In a published opinion that cited the "harsh present-day reality" that many people lose their jobs never to regain their former earning power, Ocean County Superior Court Judge Lawrence Jones said there were no indications that the Legislature intended the amendments to the statute, N.J.S.A. 2A:34-23(k), to be applied only prospectively when they became effective on Sept. 10, 2014.
Jones, in his ruling in Mills v. Mills, issued on Oct. 7, said that under certain circumstances, fairness and equity require that the amendments be applied retroactively.
"An overly restrictive reading of the statutory amendments would have the impact of immediately blocking and prohibiting an entire generation of people, who happened to be divorced before September 2014, from ever invoking the liberalized terms of the amended statute," Jones said.
The case involves a couple, John and Lisa Mills, who divorced in 2013 after 13 years of marriage. They have two children, ages 13 and 11, according to Jones' ruling. At the time of their divorce, John agreed to pay Lisa limited-duration alimony at the rate of $330 a week and child support of $200 a week.
At the time, John was earning about $108,000 a year as the sales manager of a flooring company and Lisa was earning $59,000 as a teacher.
In January 2015, John lost his job after his employer eliminated his position. He was given a $35,000 severance package. In April of that year, he accepted a new job at another company that paid him $70,000 a year, plus a $6,000-a-year car allowance. Near the end of the year, John received a $6,000 performance bonus.
For a while, John was able to maintain the $330-a-week alimony payments thanks to his severance, but in November 2015 that source of funds was exhausted and he applied to the court for a reduction in alimony payments based on the changed circumstances of his reduced earnings of $82,000 a year.
Jones said John should be allowed to avail himself of the amended alimony statute, even though he and Lisa divorced before the amendments were enacted.
Amanda Trigg, a litigator who focuses her practice on family law and who was not involved in the case, said Jones' ruling makes common sense.
"It's a good example of how the amendments are supposed to work for people who divorced before 2014," said Trigg, of Hackensack's Lesnevich, Marzano-Lesnevich & Trigg. John Mills, she said, made a good-faith effort to keep up with his alimony obligations by using his severance package, but was unable to do so after that package was used up.
"This does prove a point: You can't assume alimony is going to be there the entire time," Trigg said. "You take risks when you marry. You take risks when you divorce."

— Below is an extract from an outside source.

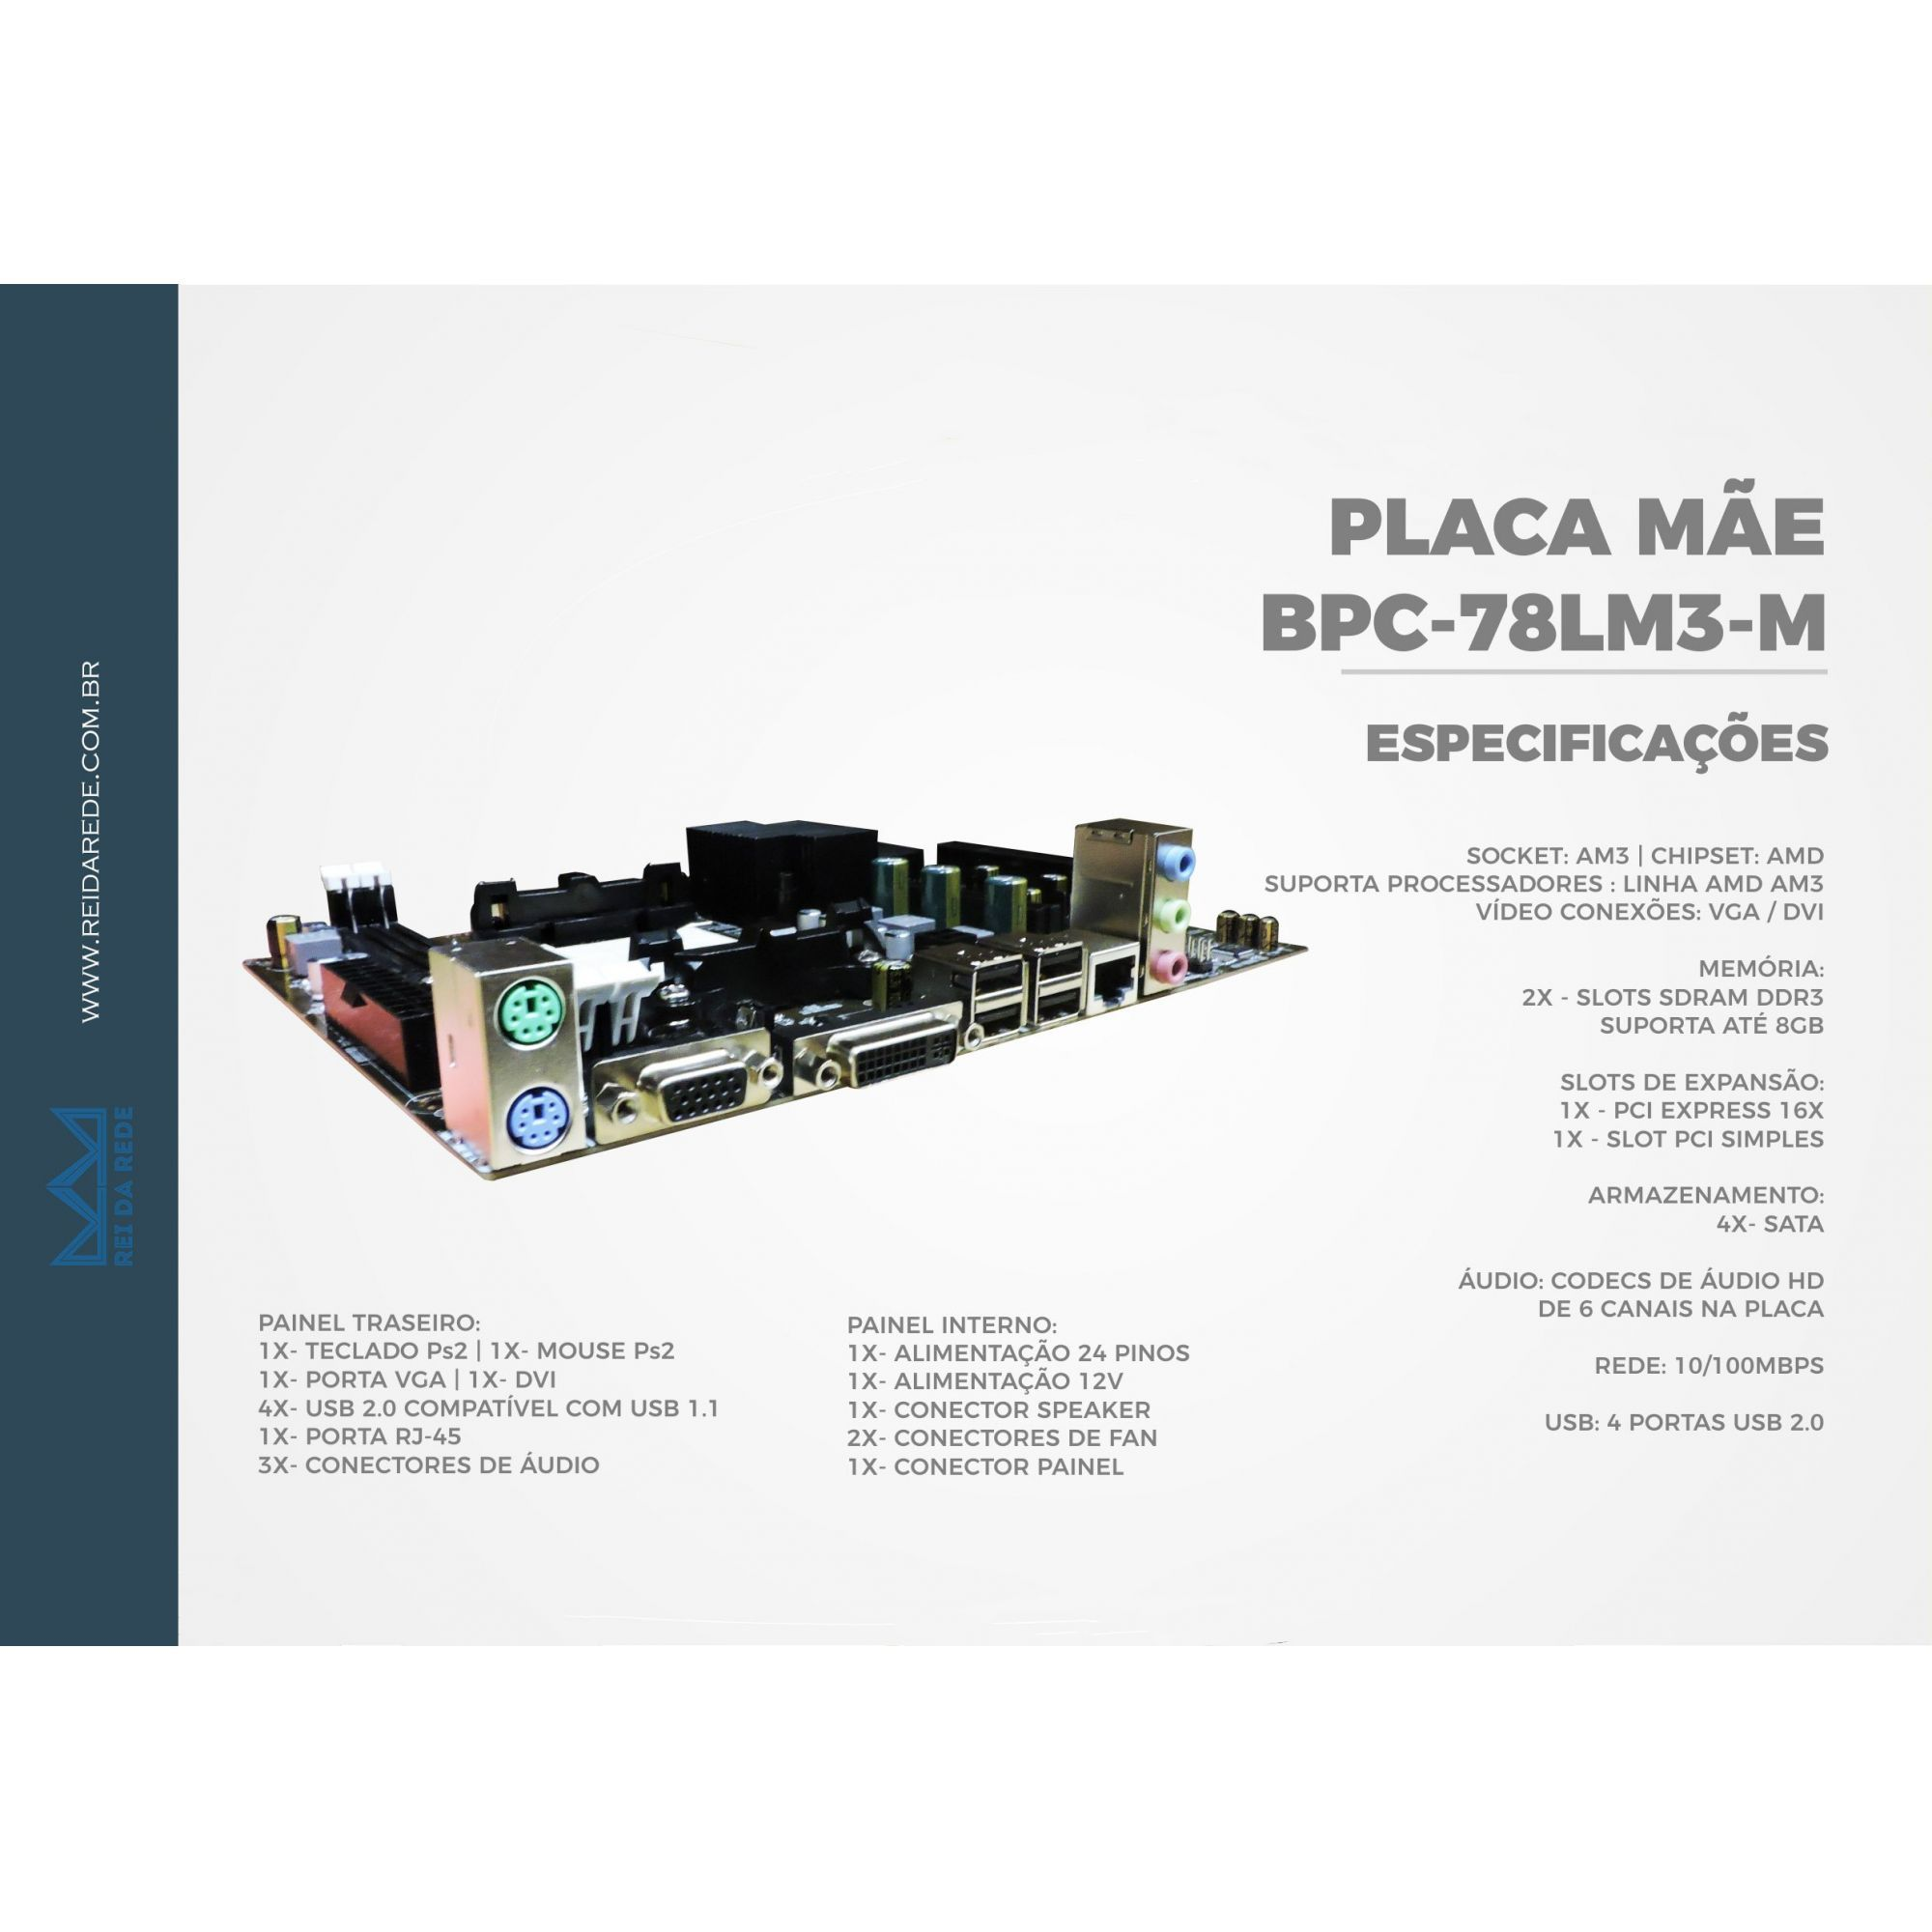 Placa Mãe AM3 BPC-78LM3-M BPC OEM

Before the amendments, there were a variety of differing opinions as to whether alimony agreements or orders could be altered based on changed circumstances, Jones said. The 2014 amendments clearly allow a judge to now consider a wide variety of factors to determine whether changes in alimony are warranted, he said.
Jones said in this case there were two major factors to consider: First, was John's decision to take a lower-paying job objectively reasonable under the circumstances? Second, would an alimony adjustment be fair and reasonable to both parties? Jones said the answer to both questions was yes.
He ordered John's alimony obligation reduced to $250 a week, and also reduced his child-support payments to $194 a week.
"For many people, the harsh, present-day reality is that once they lose a position, they may never return to a similar income, no matter how diligently they try," Jones said.
"At the very least, a person who has lost a longtime job in the current financial climate may need a reasonable transition period to seek new employment," he said. "Further, such re-employment may out of necessity be at a significantly lesser salary than he or she previously earned at a prior job."
Jones said that had the Legislature meant for the amendments to be applied only prospectively, it could have said so explicitly.